The average score on this problem was 76%.

The data visualization below shows all Olympic gold medals for women’s gymnastics, broken down by the age of the gymnast.

Based on this data, rank the following three quantities in
**ascending** order: the median age at which gold medals
are earned, the mean age at which gold medals are earned, the standard
deviation of the age at which gold medals are earned.

mean, median, SD

median, mean, SD

SD, mean, median

SD, median, mean

**Answer: ** SD, median, mean

The standard deviation will clearly be the smallest of the three
values as most of the data is encompassed between the range of
`[14-26]`

. Intuitively, the standard deviation will have to
be about a third of this range which is around 4 (though this is not the
exact standard deviation, but is clearly much less than the mean and
median with values closer to 19-25). Comparing the median and mean, it
is important to visualize that this distribution is skewed right. When
the data is skewed right it pulls the mean towards a higher value (as
the higher values naturally make the average higher). Therefore, we know
that the mean will be greater than the median and the ranking is SD,
median, mean.

The average score on this problem was 72%.
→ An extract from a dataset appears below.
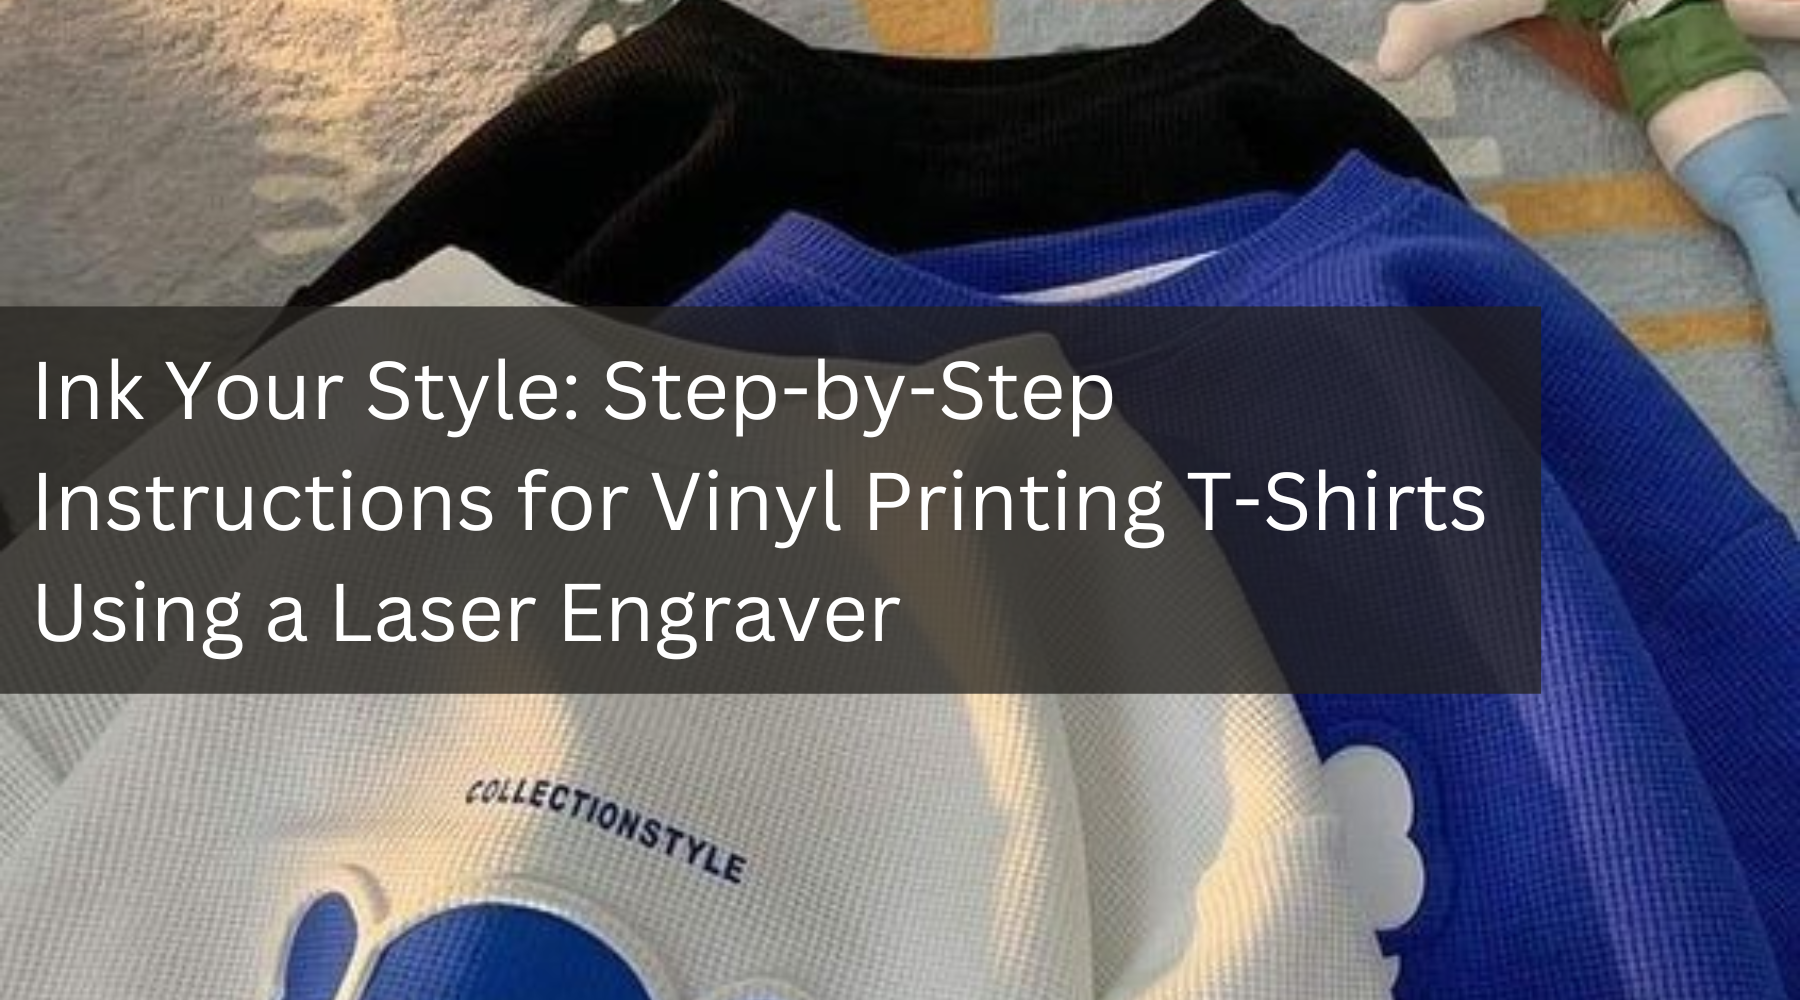 Ink Your Style: Step-by-Step Instructions for Vinyl Printing T-Shirts Using a Laser Engraver

Among all Costco members in San Diego, the average monthly spending
in October 2023 was **$350** with a standard deviation of
**$40**.

The amount Ciro spent at Costco in October 2023 was
**-1.5** in standard units. What is this amount in dollars?
Give your answer as an integer.

**Answer**: 290

The average score on this problem was 93%.

What is the minimum possible percentage of San Diego members that
spent between **$250** and **$450** in October
2023?

16%

22%

36%

60%

78%

84%

**Answer**: 84%

The average score on this problem was 61%.

Now, suppose we’re given that the distribution of monthly spending in October 2023 for all San Diego members is roughly normal. Given this fact, fill in the blanks:

What are m and n? Give your answers as integers rounded to the nearest multiple of 10.

**Answer**: m: 270, n: 430

The average score on this problem was 81%.